START Provided material
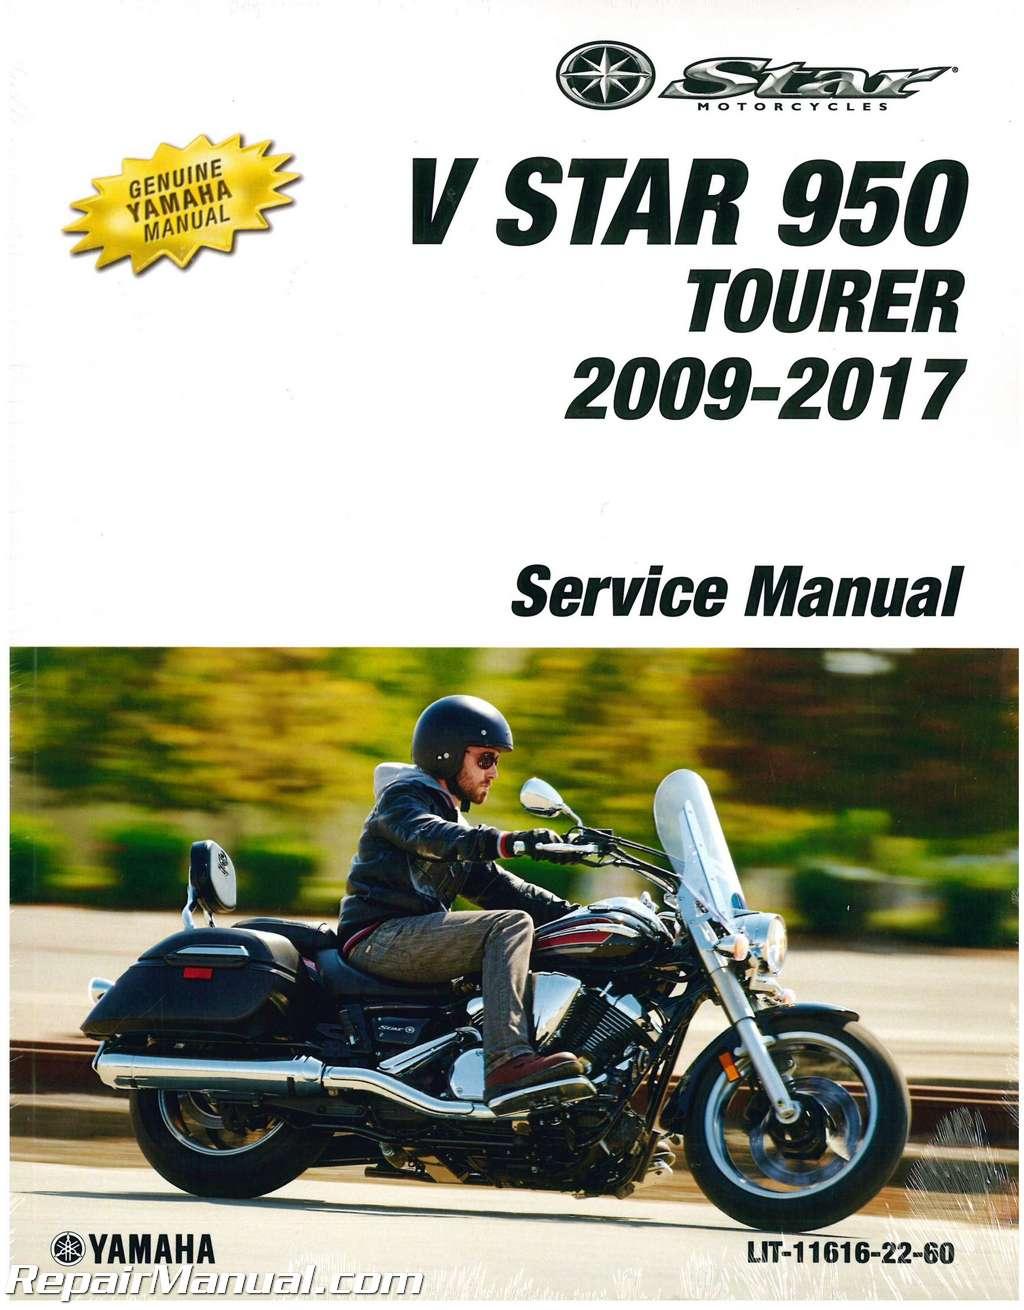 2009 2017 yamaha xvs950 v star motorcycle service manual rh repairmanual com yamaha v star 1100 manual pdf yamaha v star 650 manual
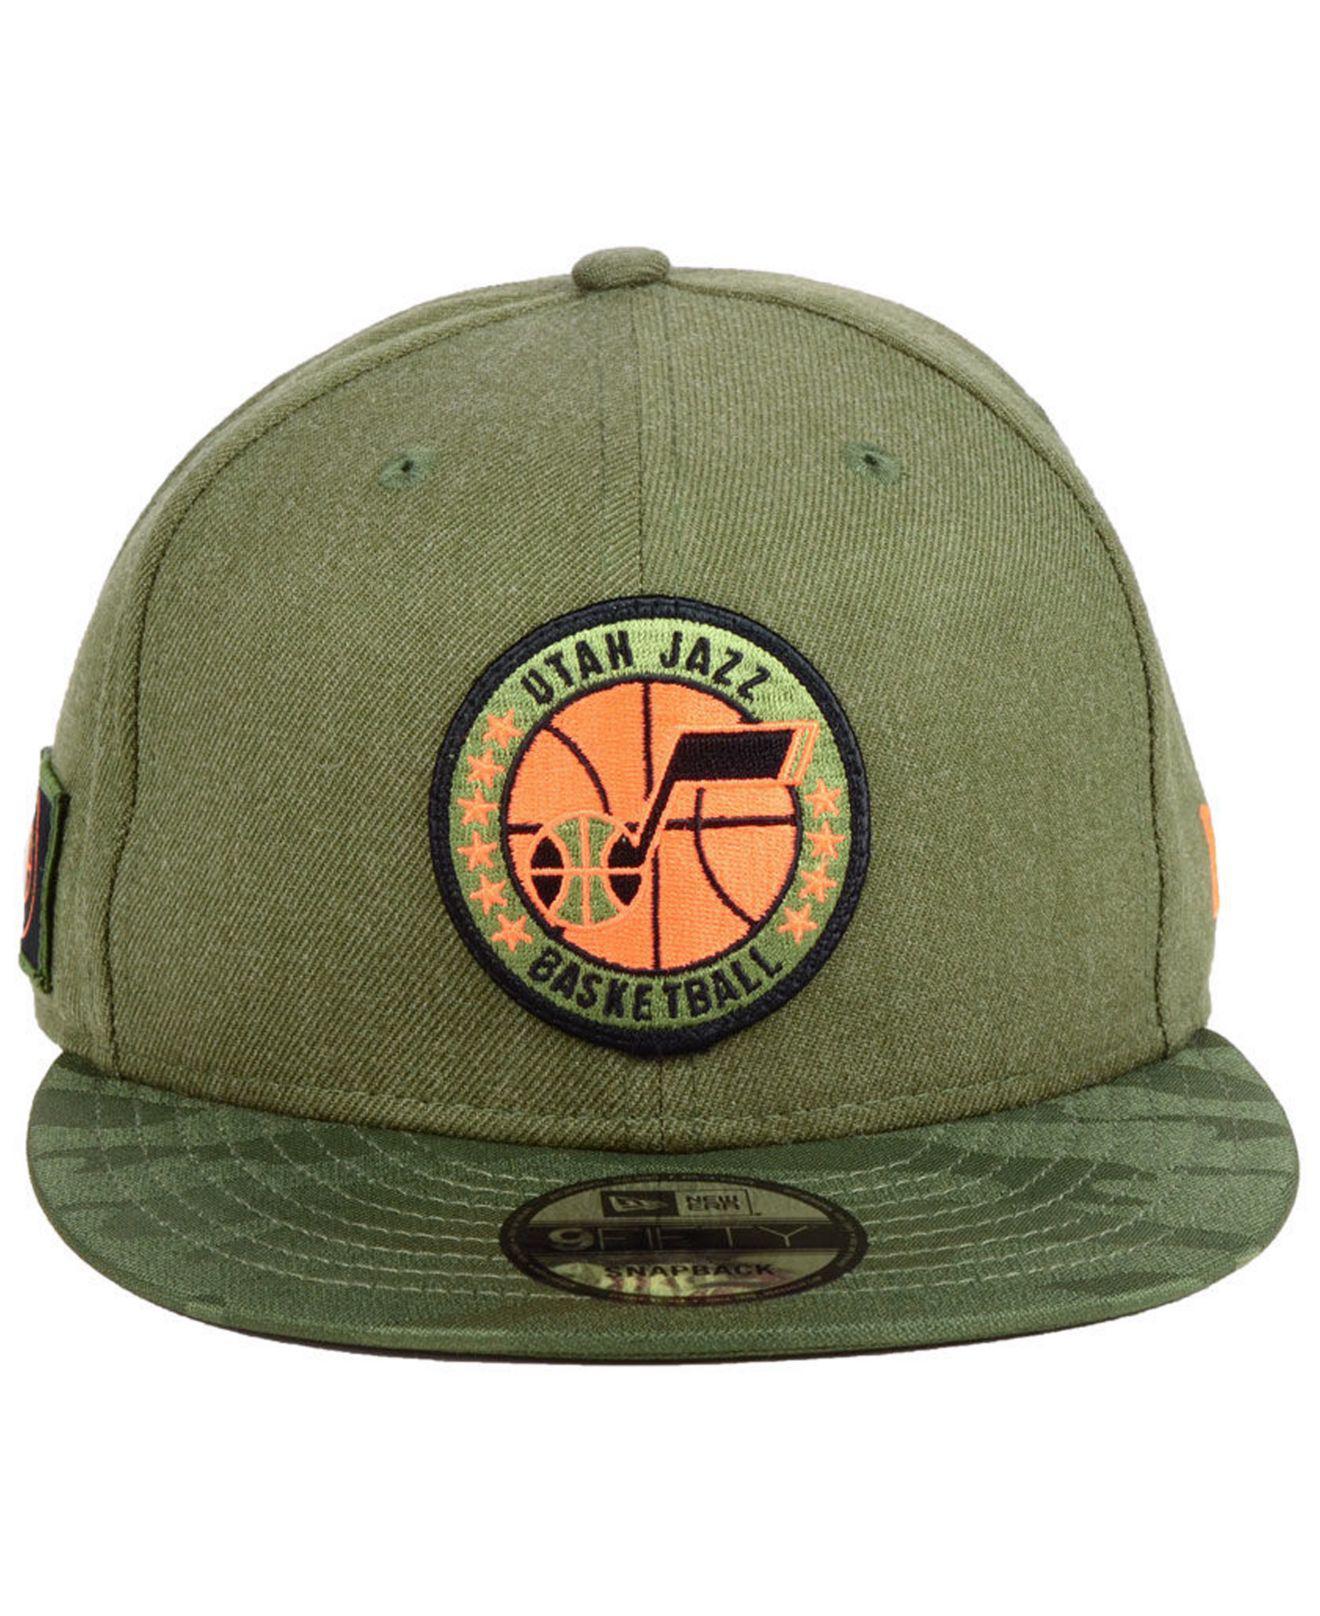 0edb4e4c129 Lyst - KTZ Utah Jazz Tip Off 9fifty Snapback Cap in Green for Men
END Provided material
START Provided material
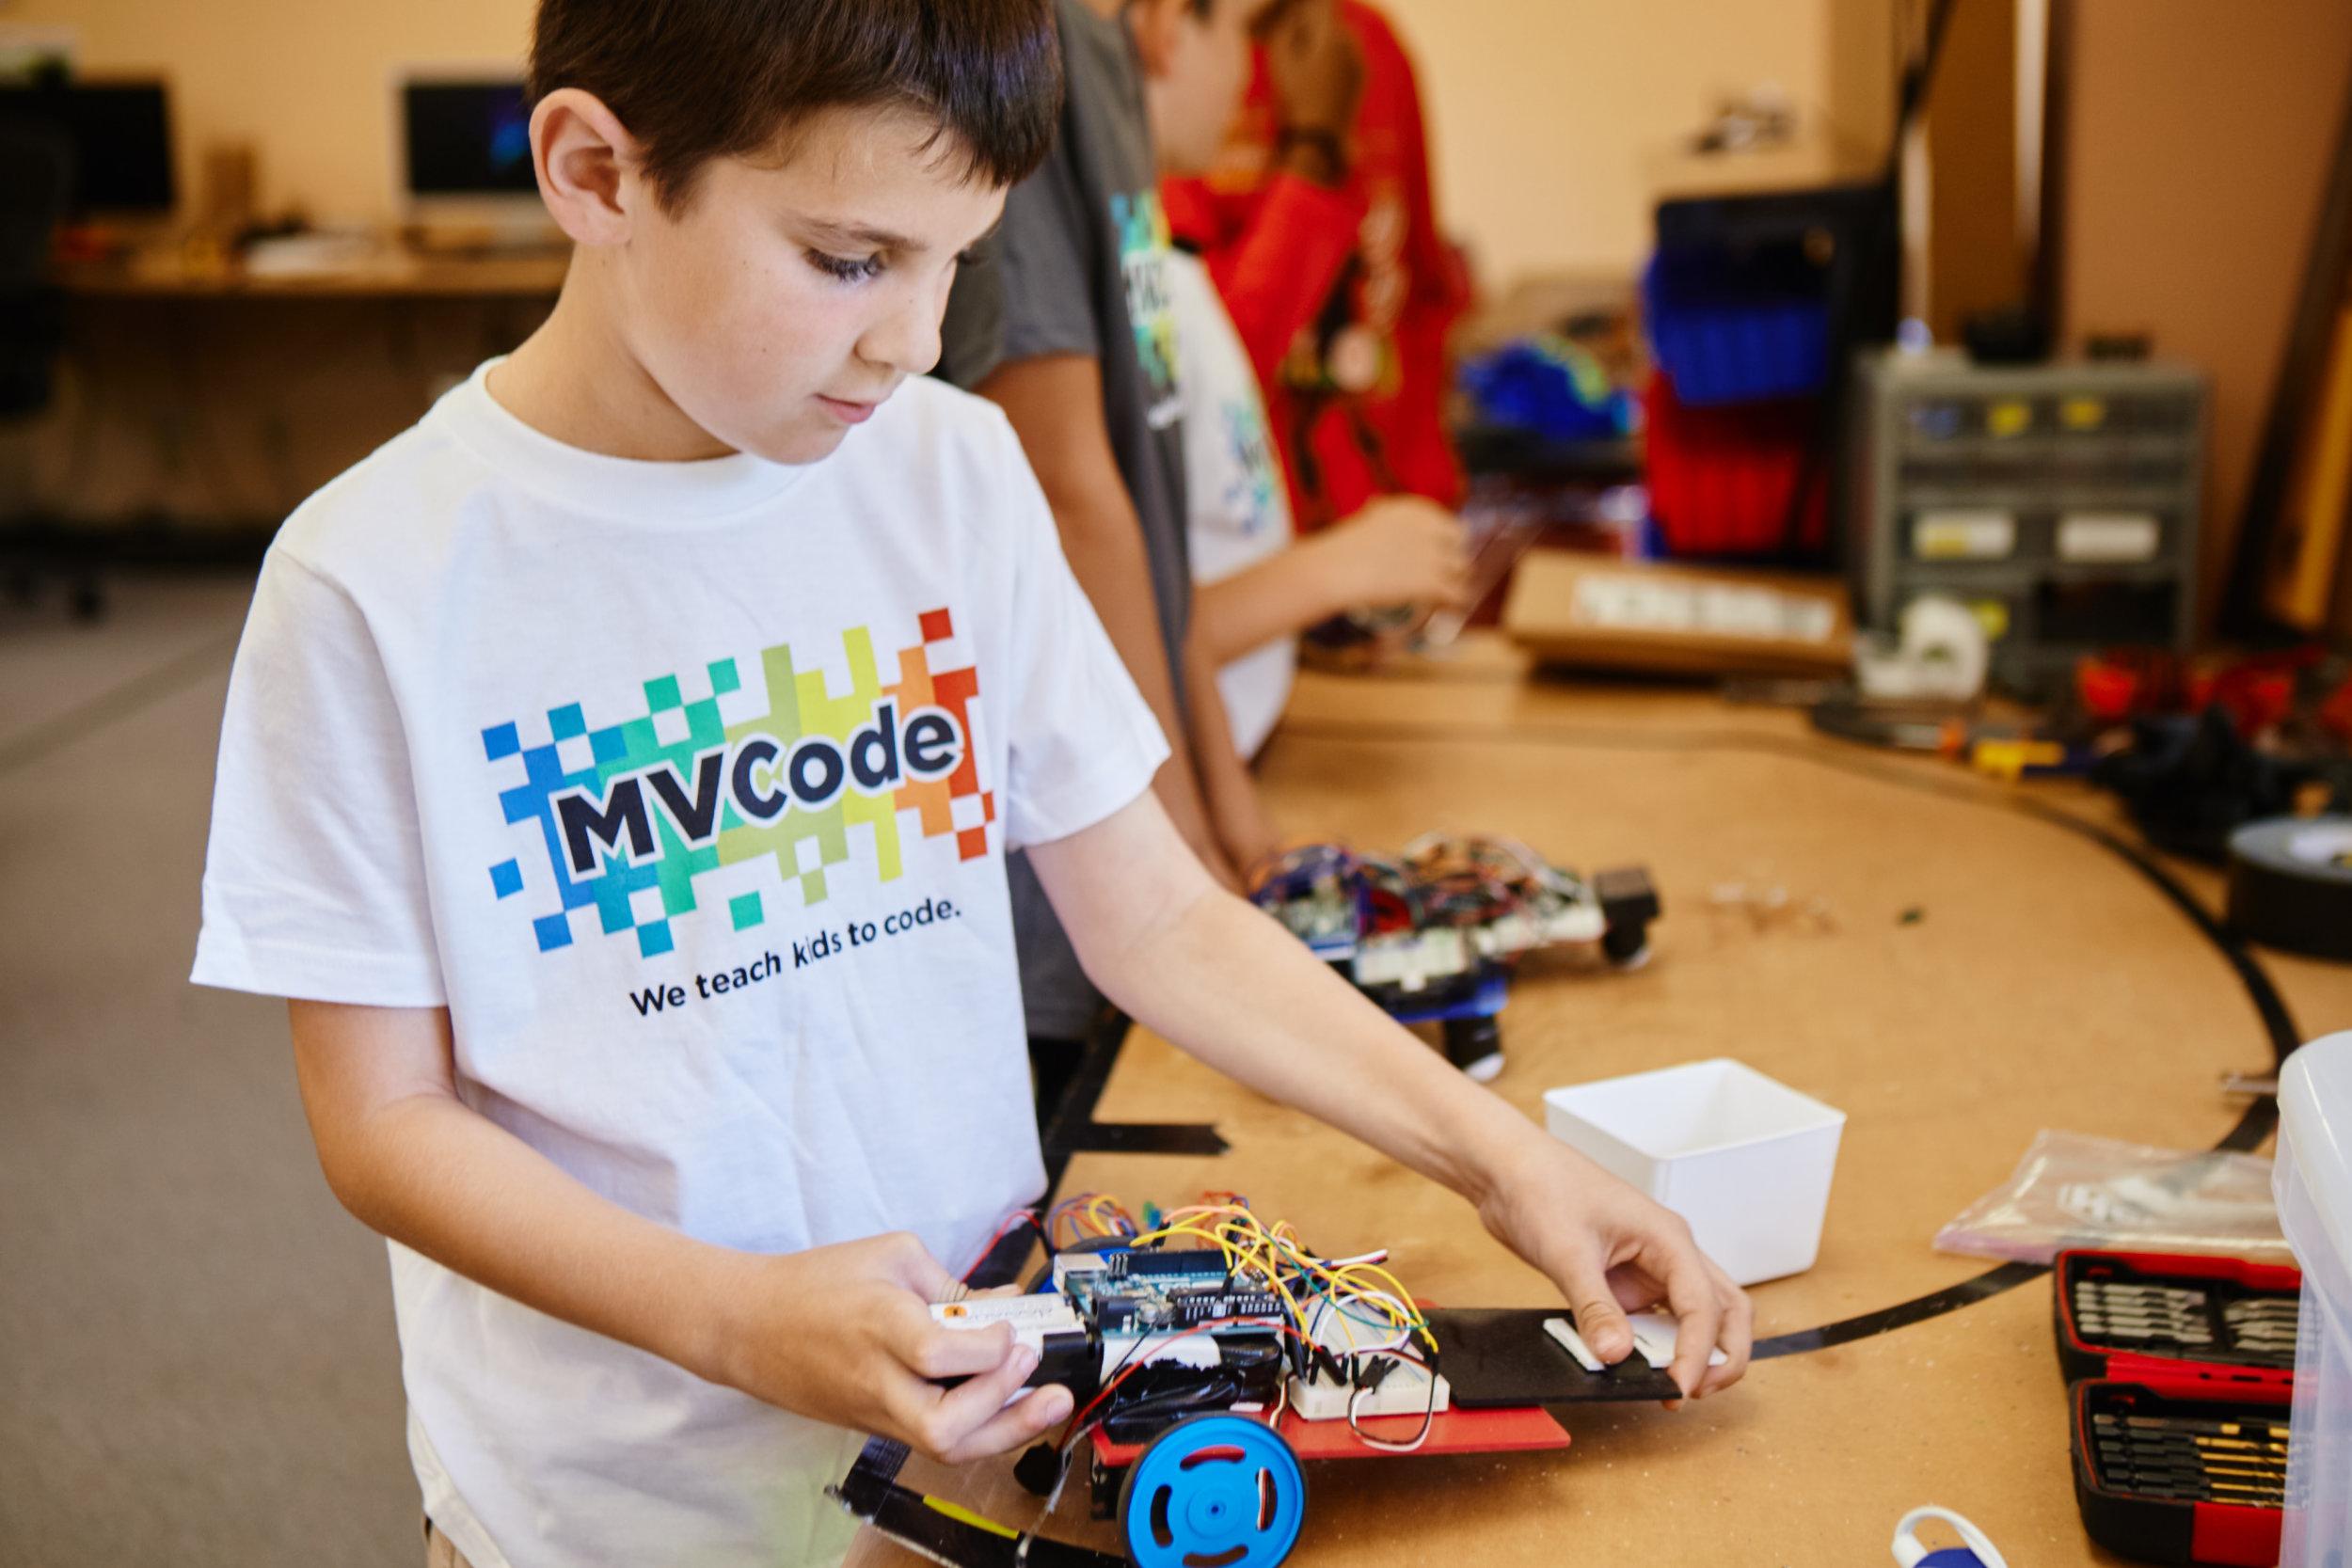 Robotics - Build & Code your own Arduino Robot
END Provided material
START Provided material
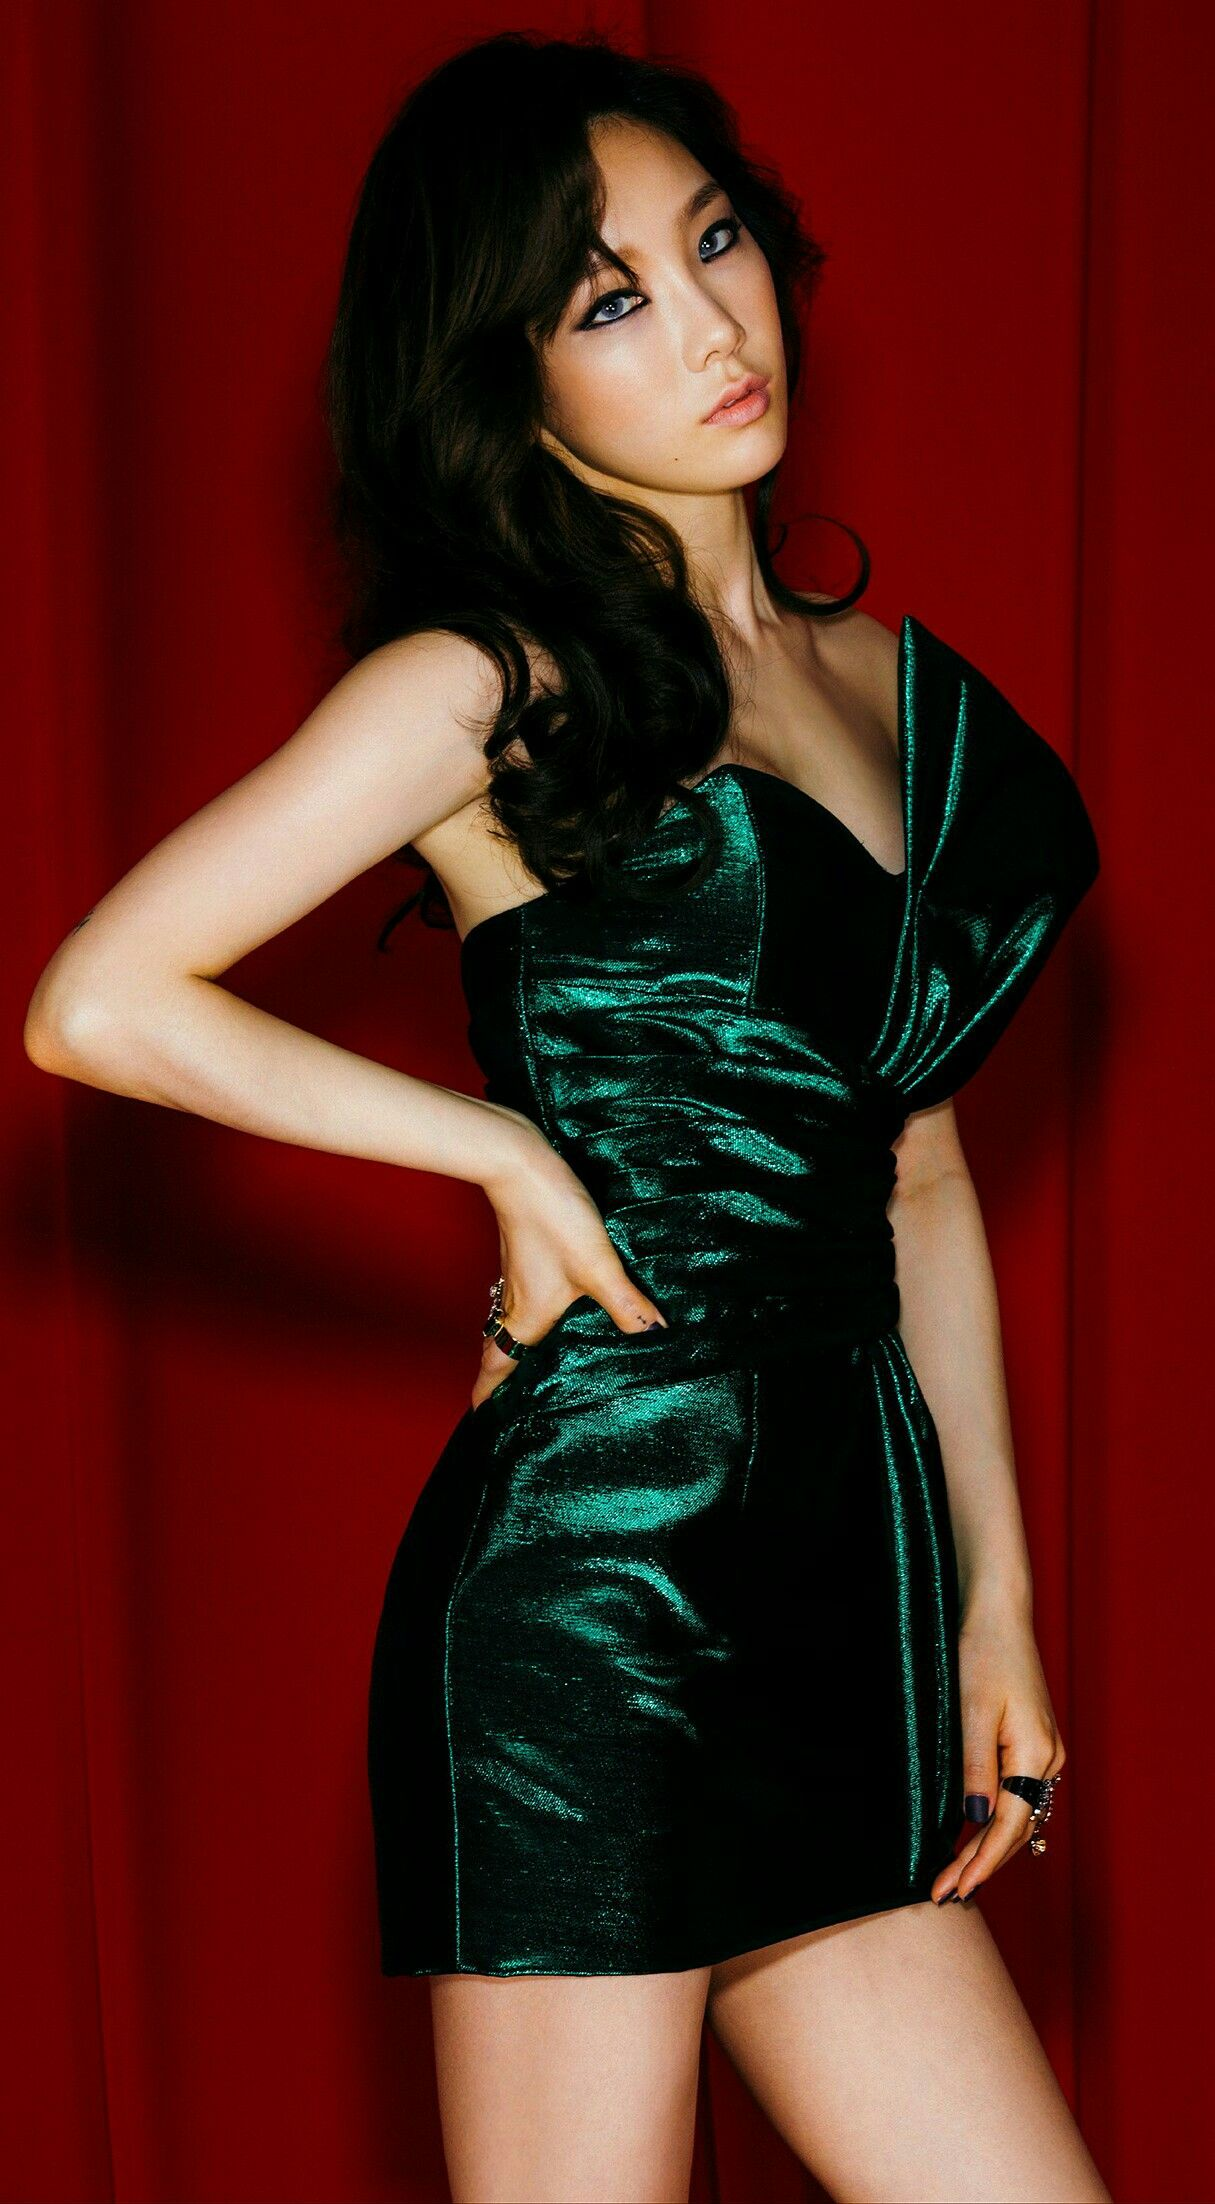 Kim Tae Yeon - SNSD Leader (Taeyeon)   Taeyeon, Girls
END Provided material
Return exactly the lines above, from the one with "2009 2017 yamaha" up to and including the one with "0edb4e4c129 Lyst - KTZ", and include no pictures.

 2009 2017 yamaha xvs950 v star motorcycle service manual rh repairmanual com yamaha v star 1100 manual pdf yamaha v star 650 manual
 0edb4e4c129 Lyst - KTZ Utah Jazz Tip Off 9fifty Snapback Cap in Green for Men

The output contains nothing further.